Eurex
Eurex Exchange: Assenagon launched a multi asset fund in mid-November. What is the fund’s investment objective?
Thomas Romig: The aim is to make flexible use of global investment opportunities and map out risk alignment/exposure clearly for investors via the capital preservation framework.
Eurex Exchange: A multi asset strategy with a set capital preservation level. Why are you launching a strategy like that and what makes it so special?
Thomas Romig: A flexible multi asset strategy sets out a very broad framework for investment ideas. By specifying the risk limit, we can make a relatively clear statement about the maximum risk level of the fund. After all, only investors who are prepared to take the risk for the long term and stay invested will be able to collect the returns that can be generated over the long run, too.
Eurex Exchange: What role do derivatives play in that?
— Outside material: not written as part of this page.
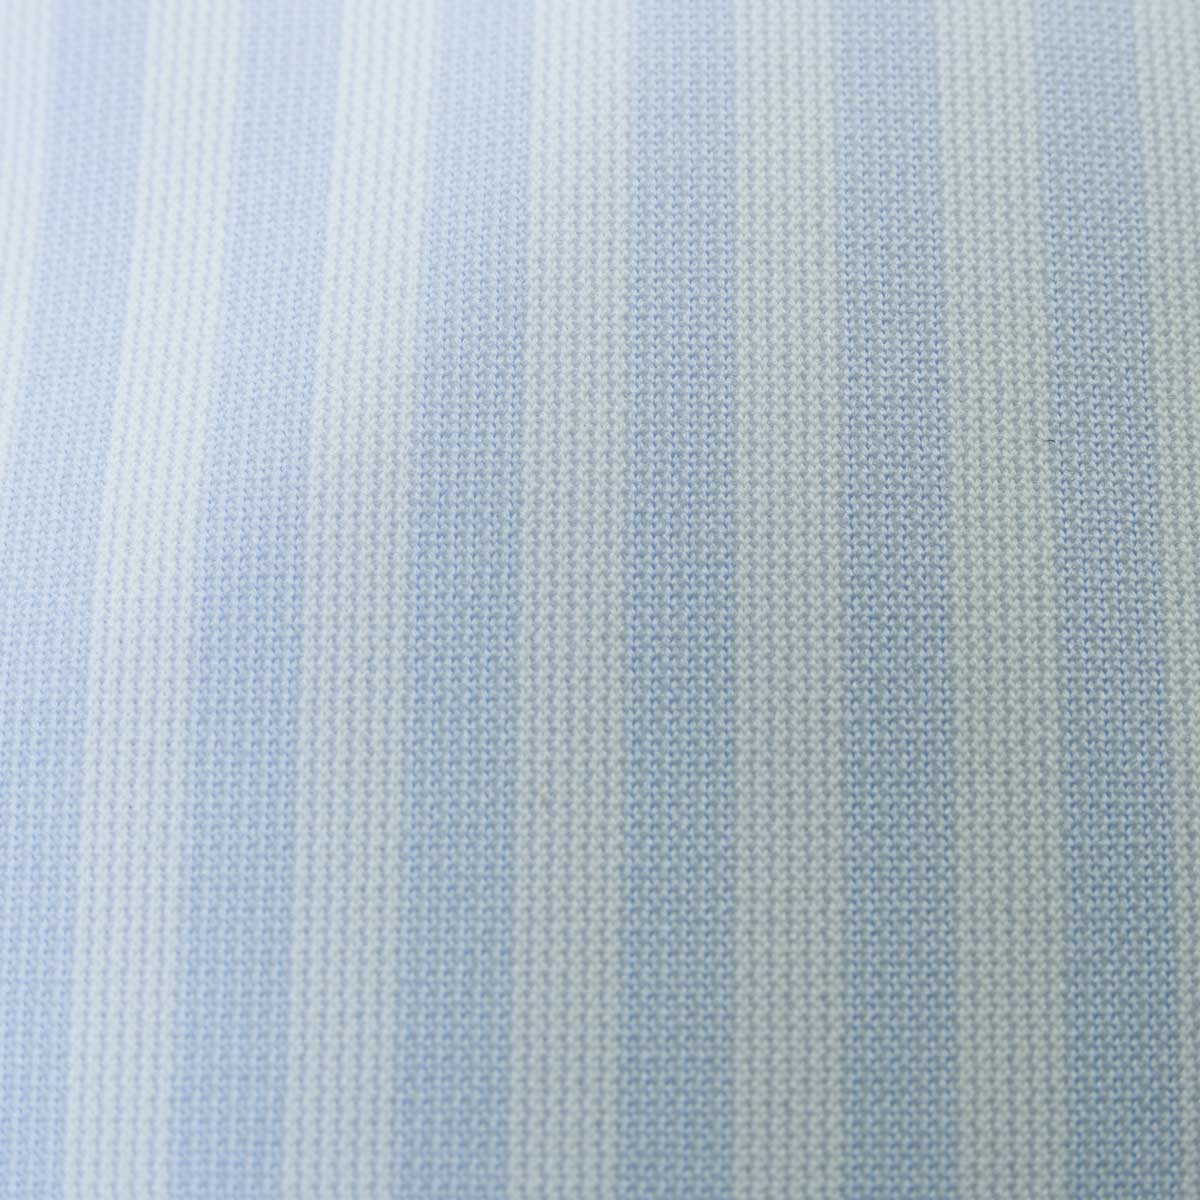 SHIRT HOUSE・ブルーレーベル 半袖スリムフィット ニットシャツ(裄詰不可)ボタンダウン ブルー ワイシャツ
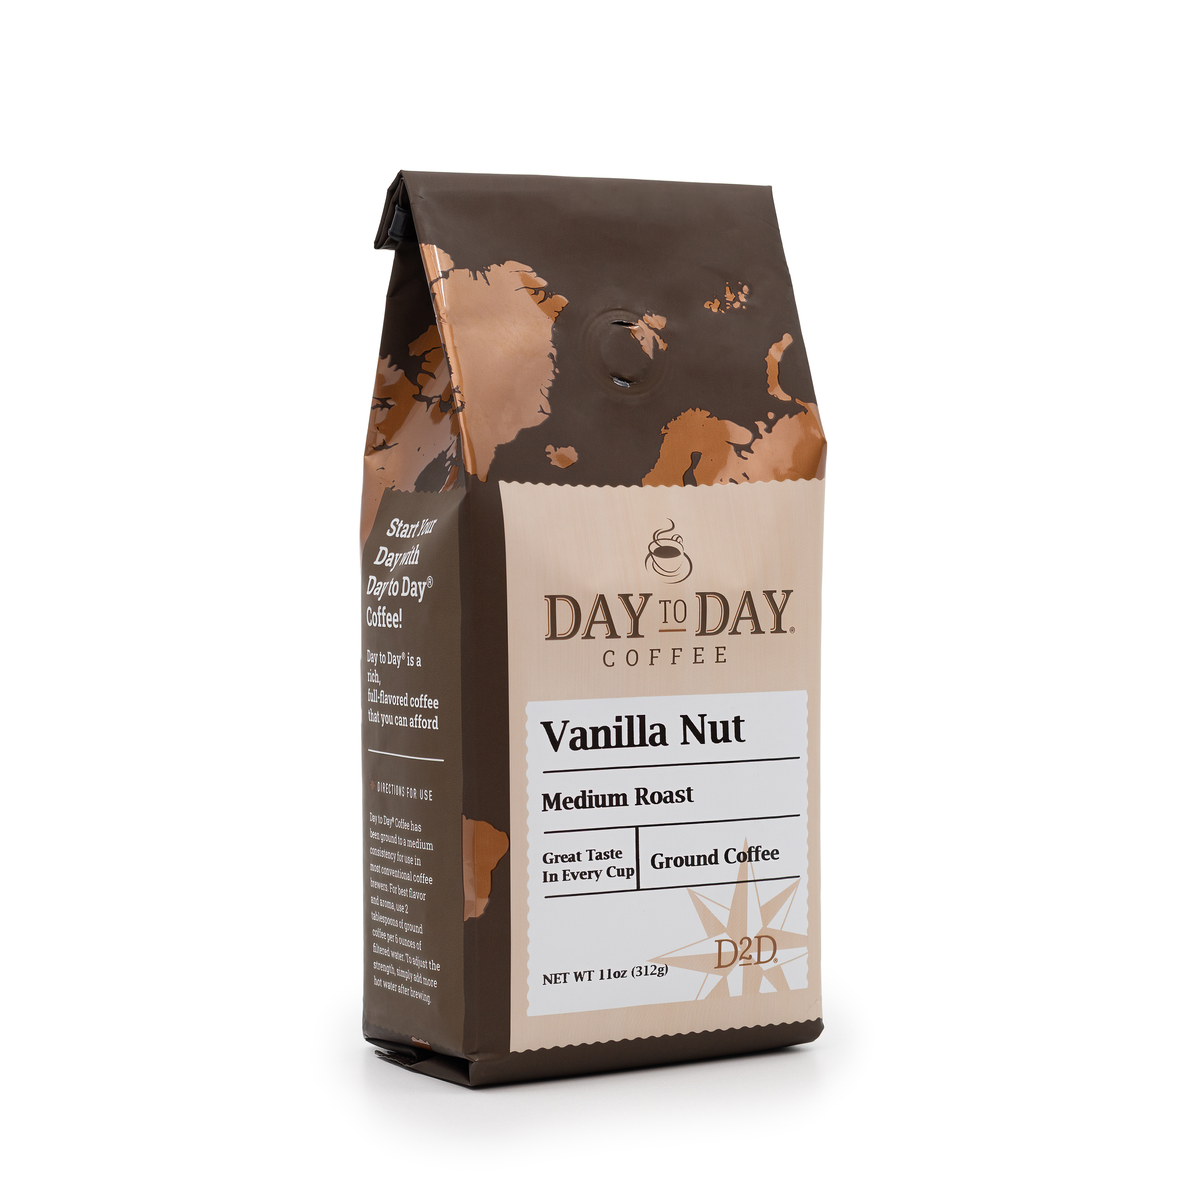 Day to day coffee 11oz vanilla nut medium roast ground coffee - 3

Thomas Romig: Due to their flexibility and liquidity, derivatives are a key component of our portfolio structure. We can also achieve different positions using options or futures on various investment classes.
Eurex Exchange: How do you envisage using listed derivatives?
Thomas Romig: We use derivatives to protect ourselves against certain capital market risks, as a cross asset security and also as a way of utilising prospective returns in certain asset classes, for example. To date, we have found that EURO STOXX 50® and VSTOXX® options work well. Liquid volatility instruments are particularly suitable for implementing cross asset hedging strategies.
Eurex Exchange: In which asset classes are you active?
Thomas Romig: It is ultimately the strategy as a whole that counts and we mostly use the following asset classes within that strategy: Equity, bonds, credits, commodities, liquid alternatives (absolute-return strategies), volatility and currencies.
Eurex Exchange: Do you use OTC derivatives, too?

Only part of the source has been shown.